The MicroStrategy resources in team, create reports and interactive dashboards using the
views created in Exasol.

Responsibilities

Designing the functional paradigm for whole data ingestion.
Writing python codes to bring data from SAP HANA, Exasol, Salesforce etc. data sources.
Building replacement pipelines to older Alteryx data pipelines.
Data cleansing using pyspark and pandas before saving to S3 Bucket.
Leading the team, providing debugging assistance.
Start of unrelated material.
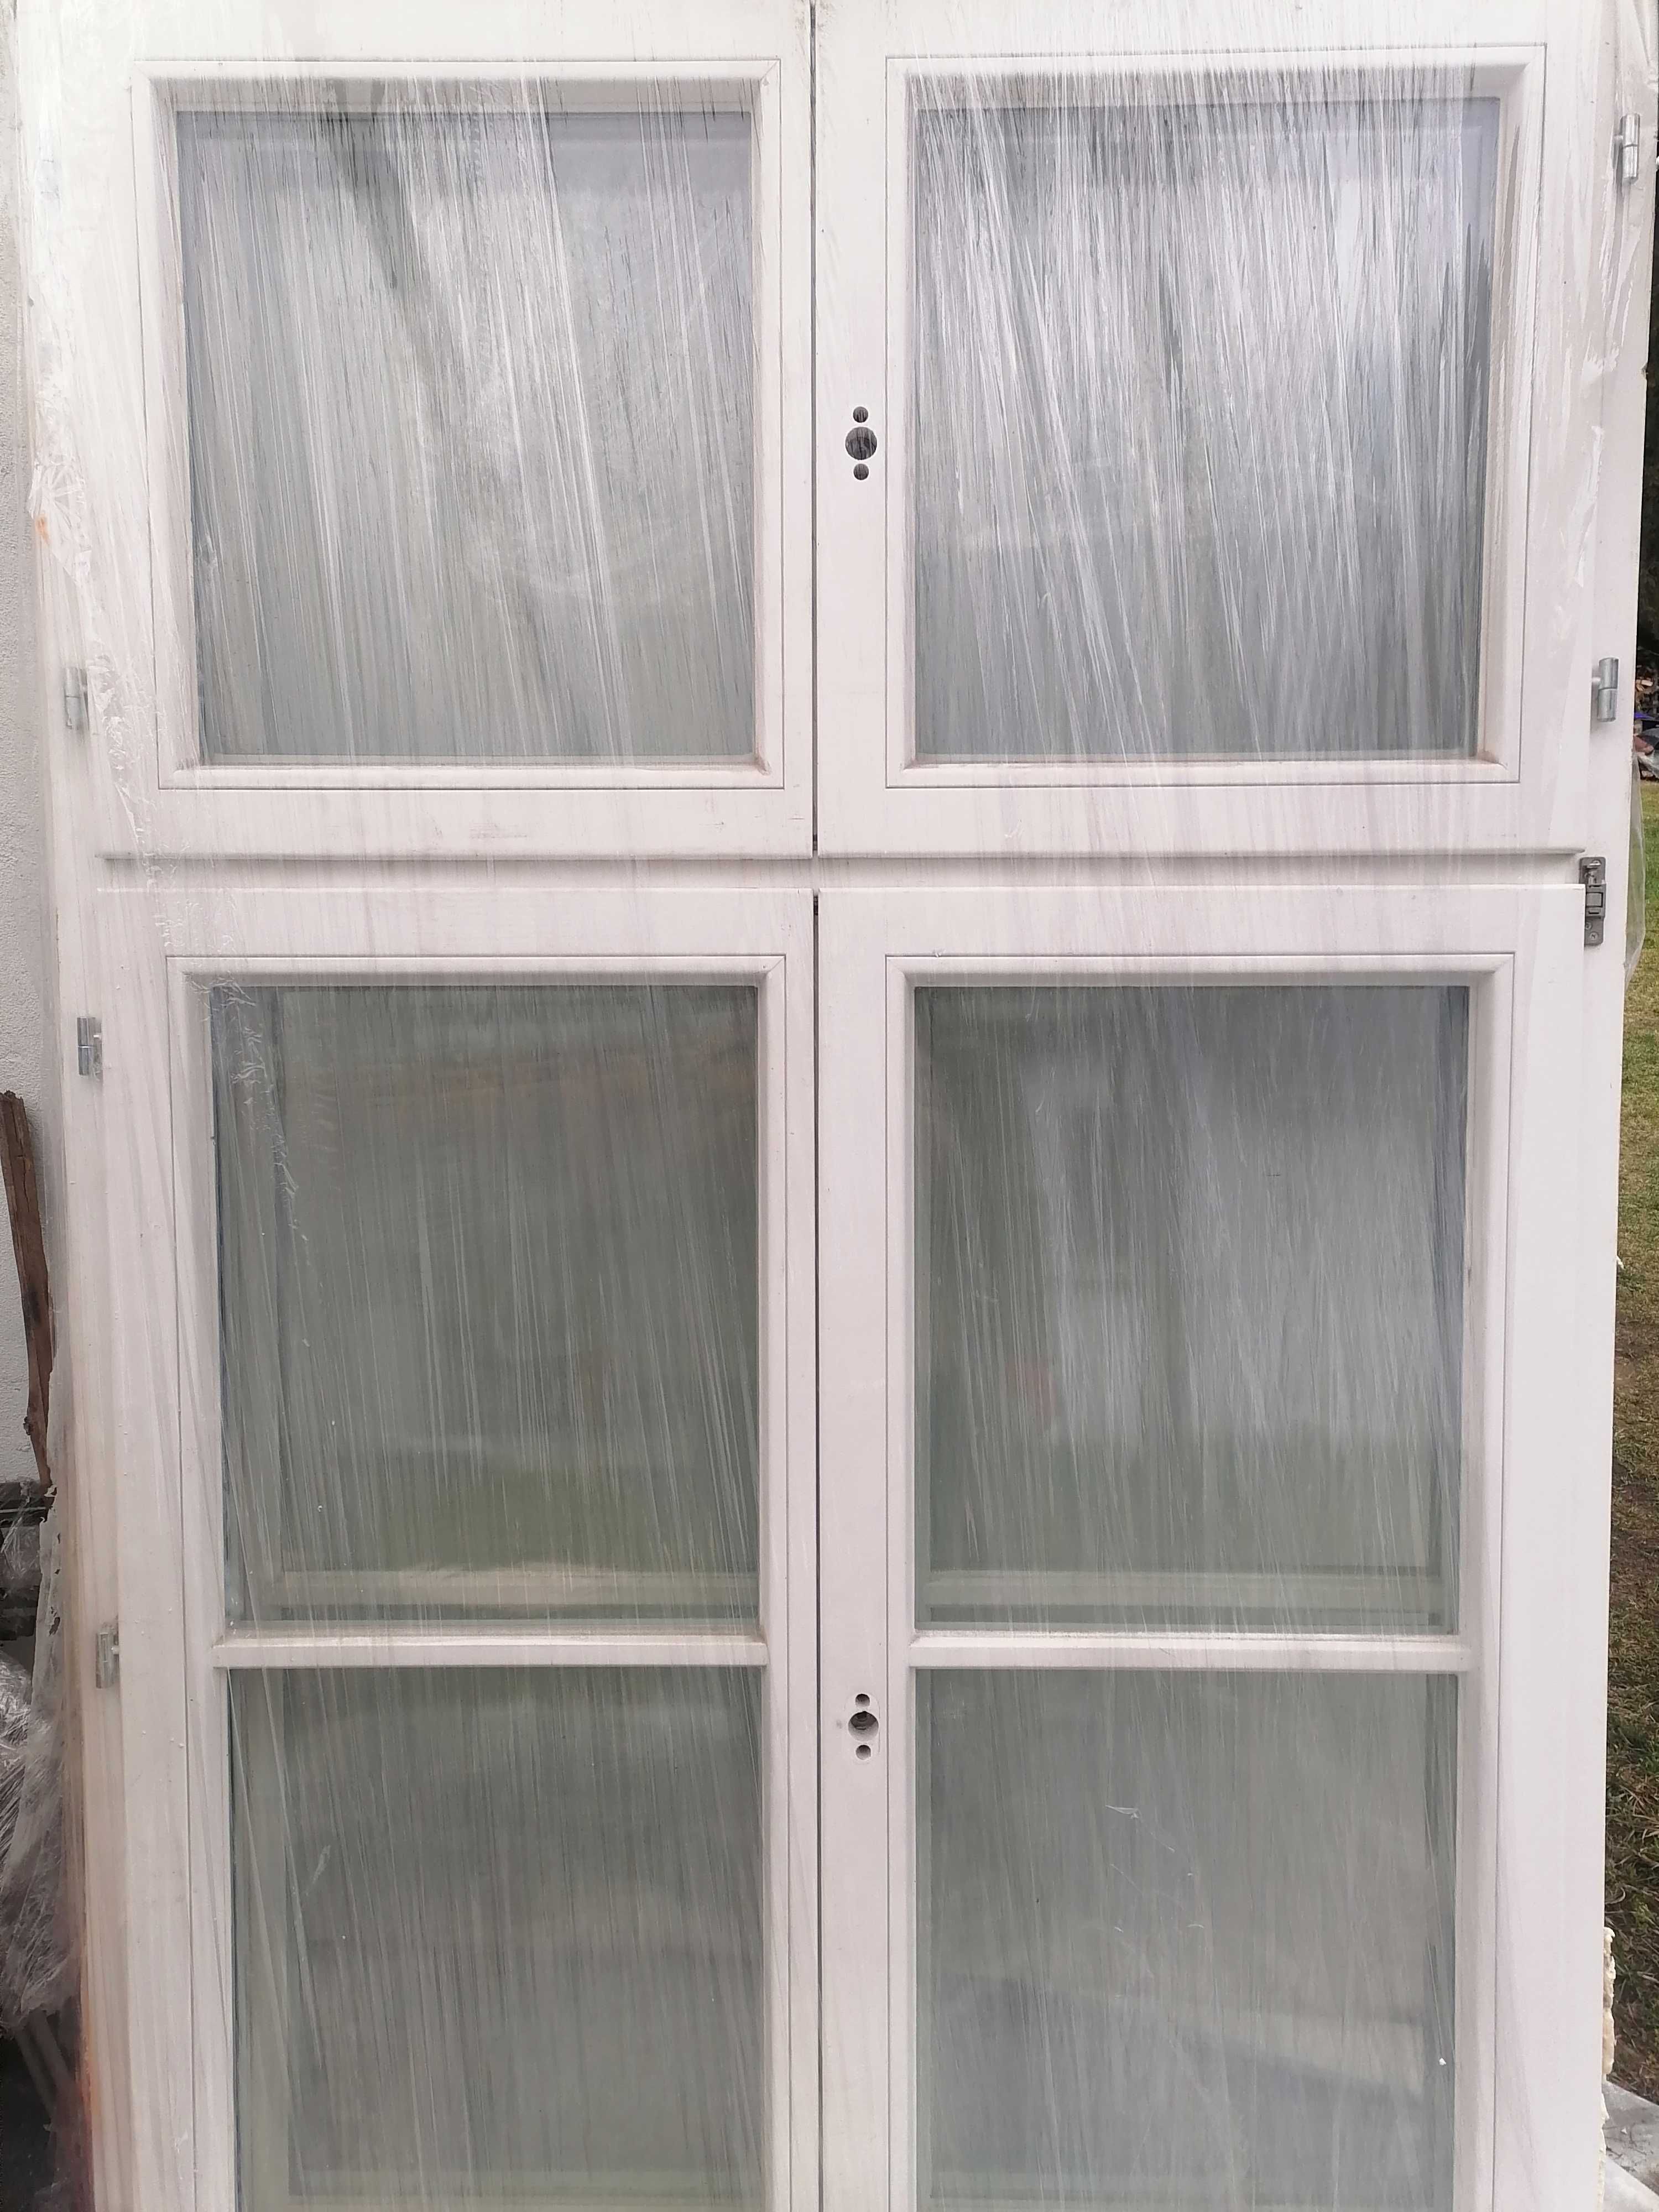 okna drewniane do kamienicy 205 x 127 cm, podwójna szyba zespolona

Project # 2: ETL Brazil (Avon)
Role: ETL Engineer
Duration: August 2017 – August 2018

Overview: Avon sells cosmetic products. Avon Brazil ETL team is interested in data generated inside Brazil for BI purposes. Data related to purchase, materials, campaign, survey etc. is loaded
into a common SFTP server. We use BASH shell scripting to fetch data from SFTP and bring it to local server from which it is loaded into Oracle Database via Pl/SQL stored procedure which utilities the external table capability to read flat files.

Responsibilities

Writing Stored procedures for loading flat file into database.
Contributing to the designing of ETL Solution.
Writing BASH scripts for data file movement.
Maintaining the code repository on server.

Project # 1: Infosys Technical Training
Role: Trainee
Duration: March 2017 – July 2017

Overview: Fresh off the college, the Infosys training provided a practical and business-centric knowledge to tackle problems and providing solution in a live project. As part of this
training I was able to revise my technical skills and was able to create bigger projects
requiring 4 team members and 4 days of time. In the same training I also learned about
business communication and creative thinking to tackle the challenges in professional life.